Photo Vonnic Bulteau

Photo Vonnic Bulteau

Nous voyagions pas mal à l'étranger et le transport des instruments en avion pose au musicien toujours des problèmes. D'autre part nous utilisons du backline (matériel de musique) sur place. Fatigué des contraintes imposées, je décidai en 2007 d'amener pour la première fois une silent avec moi. Je peux la prendre en cabine comme bagage à main et cela avait l'avantage de réduire le poids général des instruments de la troupe. Comme l'instrument n'a pas de caisse de résonnance, je le branchai sur un ampli de guitare électrique. Cela fonctionna et me donna l'envie d'installer un micro devant le HP du combo. Avec l'ingénieur du son, nous avons mis au point ce système de DI pour garder le son électroacoustique du piezzo, puis rajouter un micro pour rajouter le son de l'ampli en utilisant le link du boitier de direct. Cela m'a permis d'utiliser également le canal saturé de l'ampli et donc de trouver une polyvalence dans l'instrument. Il est toujours compliqué de changer de guitare sur scène, cette solution convenait parfaitement car elle me libérait de nombreuses contraintes comme l'accordage par exemple. D'autre part mon jeu dans le trio est beaucoup basé sur les rythmiques, le tirant de corses 10/47 avec une corde sol en 0.23, permettait une tenue de l'accord plus sûre. Le seul inconvénient que je pouvais y trouver concernait les solis, ou je devais quand même bien forcer pour les bends, mais cela donnait en mélangeant le son saturé à celui de la DI une couleur originale. Je fus très vite convaincu, et si le design futuriste de la guitare peut sembler pour certains puristes assez disctutable, je trouvais au contraire l'instrument à mon goût. Je me suis donc mis à l'utiliser pendant de nombreuses années. Un moment, j'ai souhaité revenir à un istrument plus traditionnel, mais cela n'a pas duré, toute l'équipe était convaincue de la fiabilité et du rendu de la Silent. Malgré son aspect très minimaliste, cette guitare a un autre avantage qui concerne sa fiabilité, tant en lutherie qu'en électronique. Je peux dire qu'au bout de toutes ces années, elle a connu pas mal d'aventures dont elle ne me tient pas trop rigueur. Oui, nous avons une certaine familiarité avec notre instrument.

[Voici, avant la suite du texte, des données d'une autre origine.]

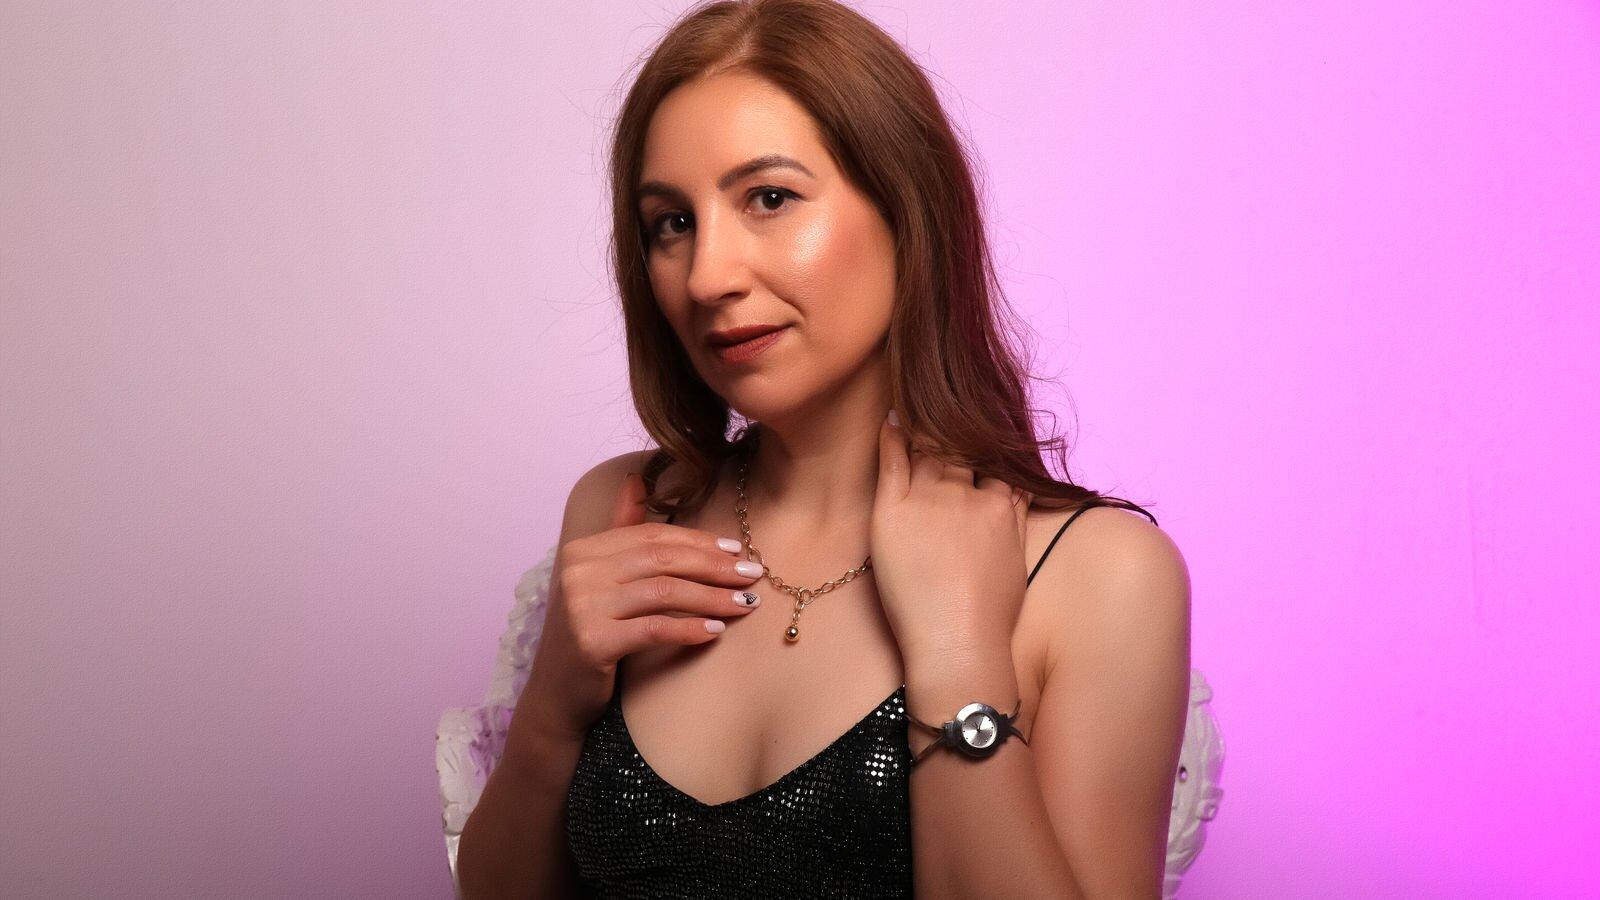 SexyMatureMiss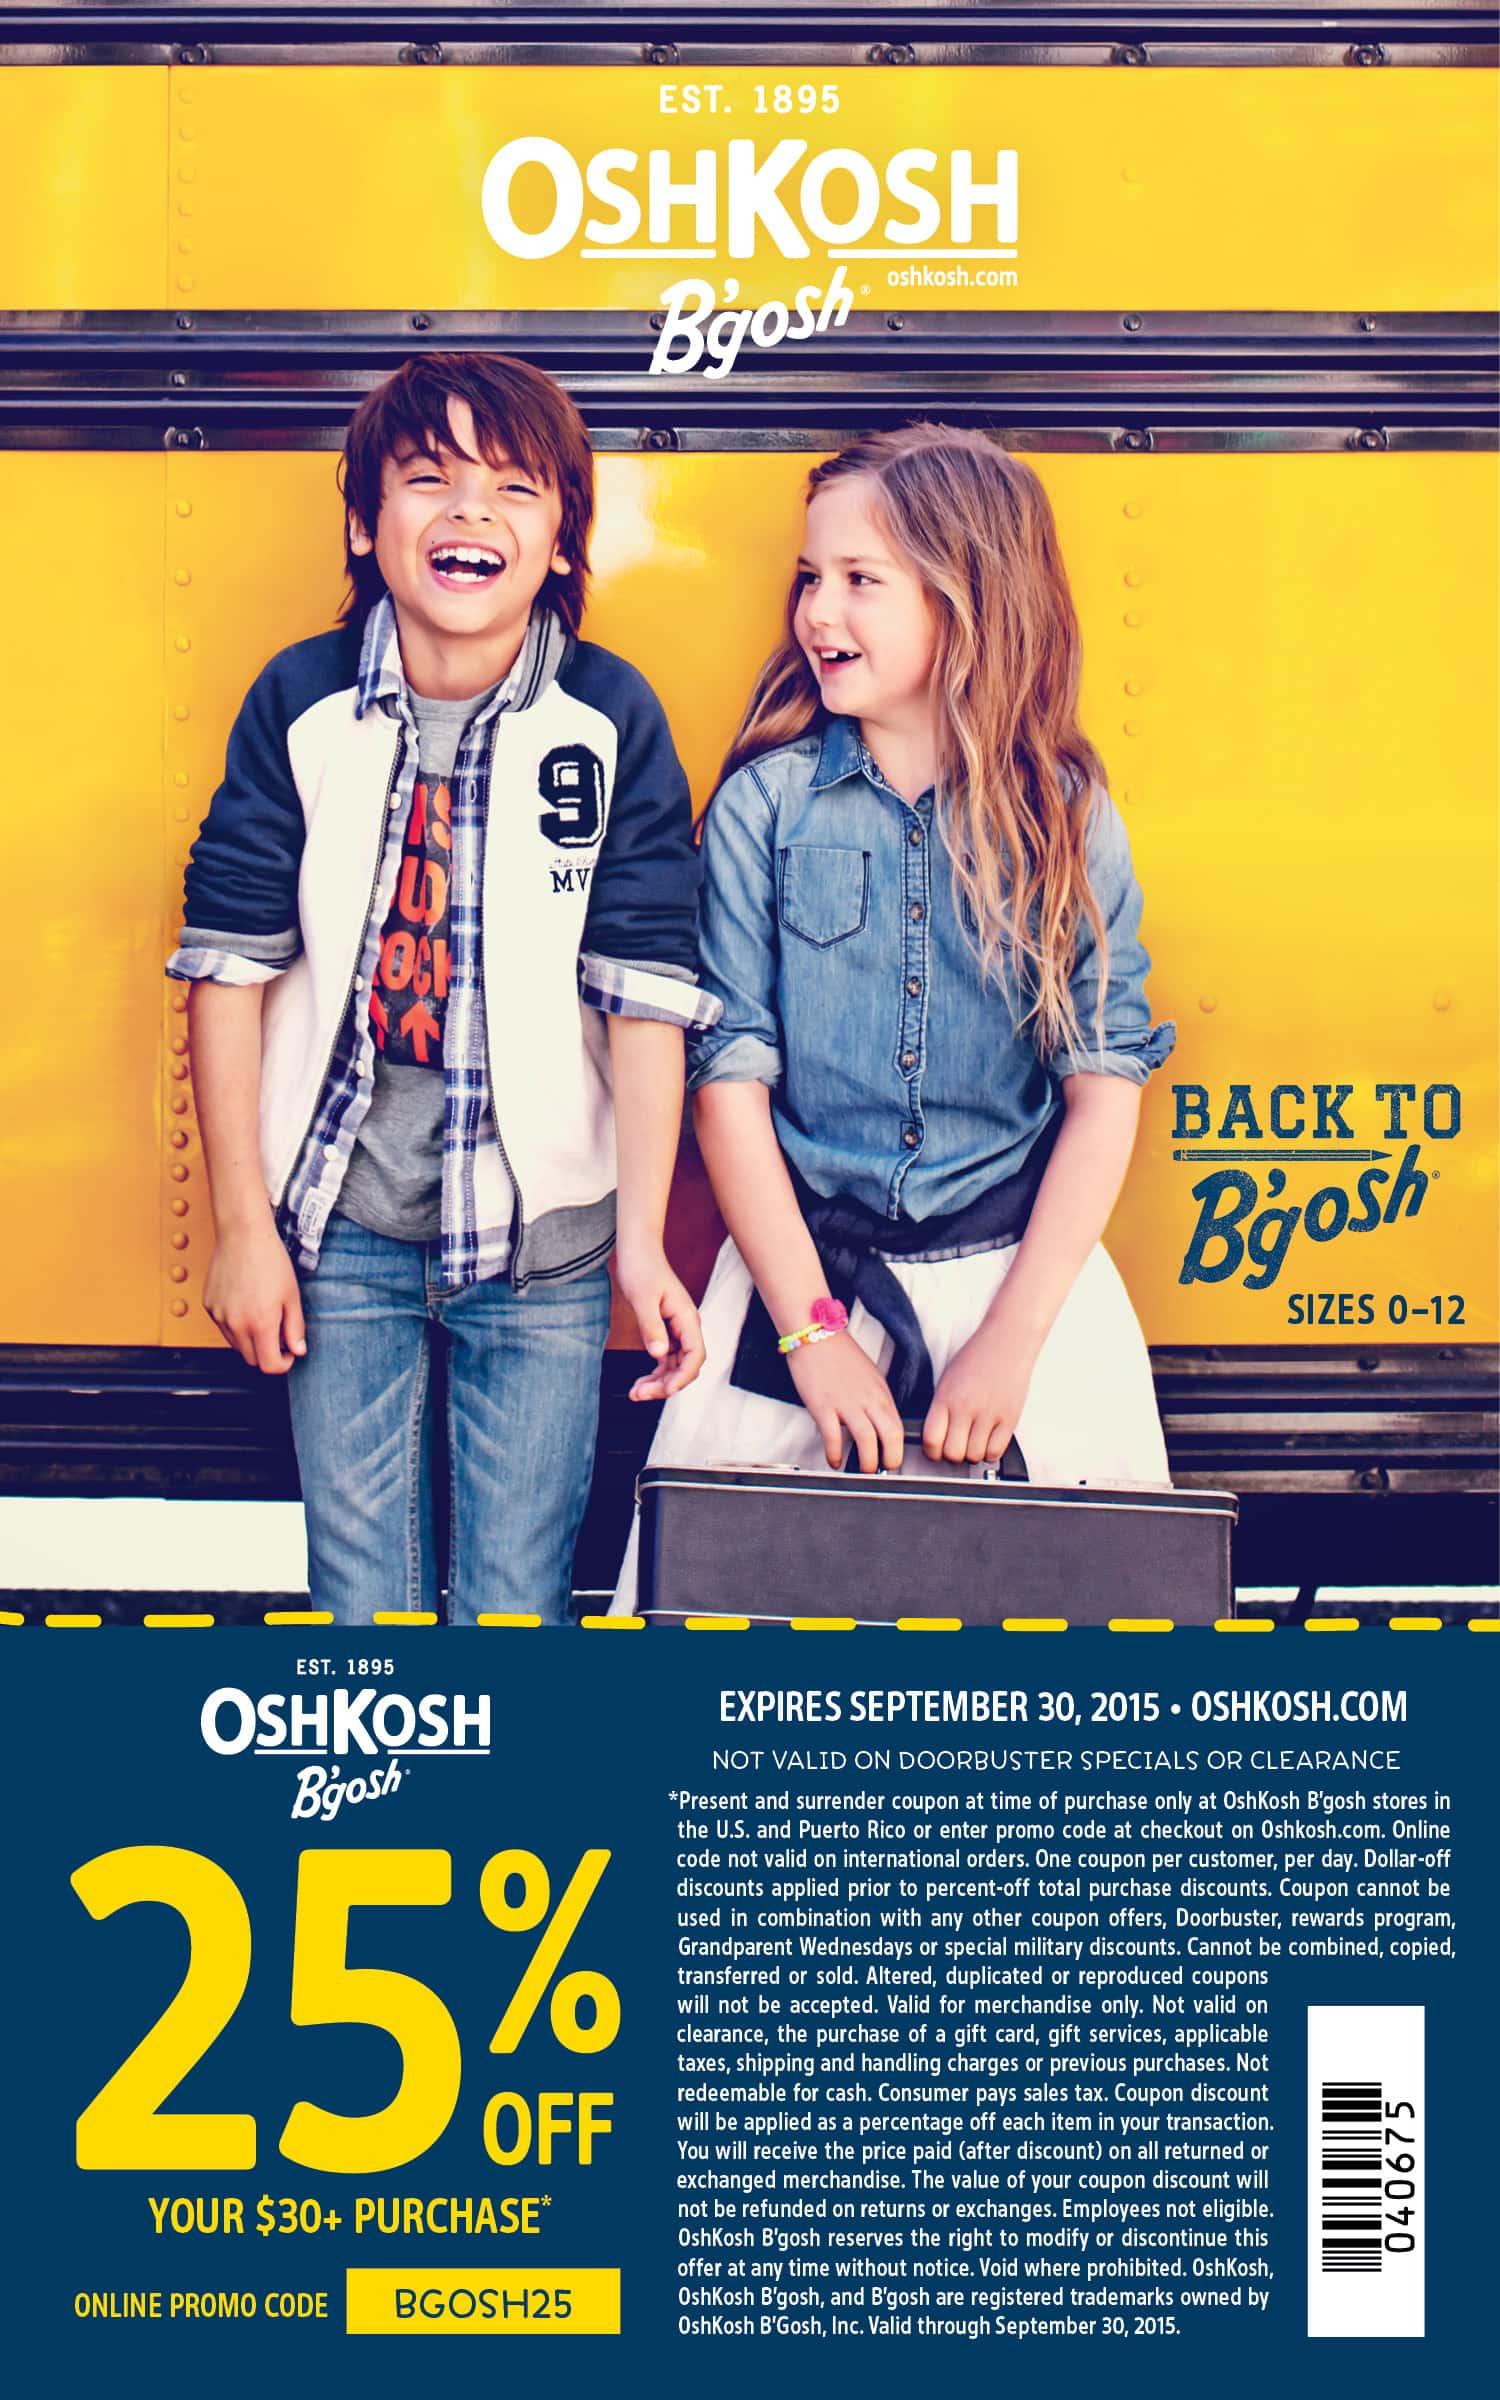 Save 25% on your $30+ purchase at Oshkosh Bgosh until September 30

J'utilise également une guitare Folk AC3R, avec le système de micro SRT sur des projets plus persos ou en enregistrement. Lors du projet Coeur de ville, elle m'a accompagné pendant plusieurs mois. J'aime sa lutherie et sa finition. J'ai toujours eu un faible pour la couleur sunburst, et je dois dire que j'ai d'abord accroché à ça en la voyant lors d'un séminaire Yamaha à Nice. Un instrument n'a pas l'obligation d'être très cher. La qualité générale a énormément progressé, et je pense que nous avons tous des yeux d'enfants face à un objet qui nous fait tant rêver. Cela doit faire partie du choix, on se doit d'être en bonne compagnie face à un public ou des oreilles de mélomane. Cela s'entend et se voit. Je n'ai aucune explication rationnelle à ce phénomène mais j'y crois. Le système de micros SRT est conçu comme une cabine de studio dans lequel se trouve trois micros standards à votre disposition, deux Neuman et un micro à ruban. Il y'a une simulation du phénomène d'éloignement et un système anti larsen qui offrent différentes possibilités en fonction de votre jeu. Cela me convient très bien lorsque je joue seul, et me permet de m'adapter à l'acoustique du lieu ou le calage du système son.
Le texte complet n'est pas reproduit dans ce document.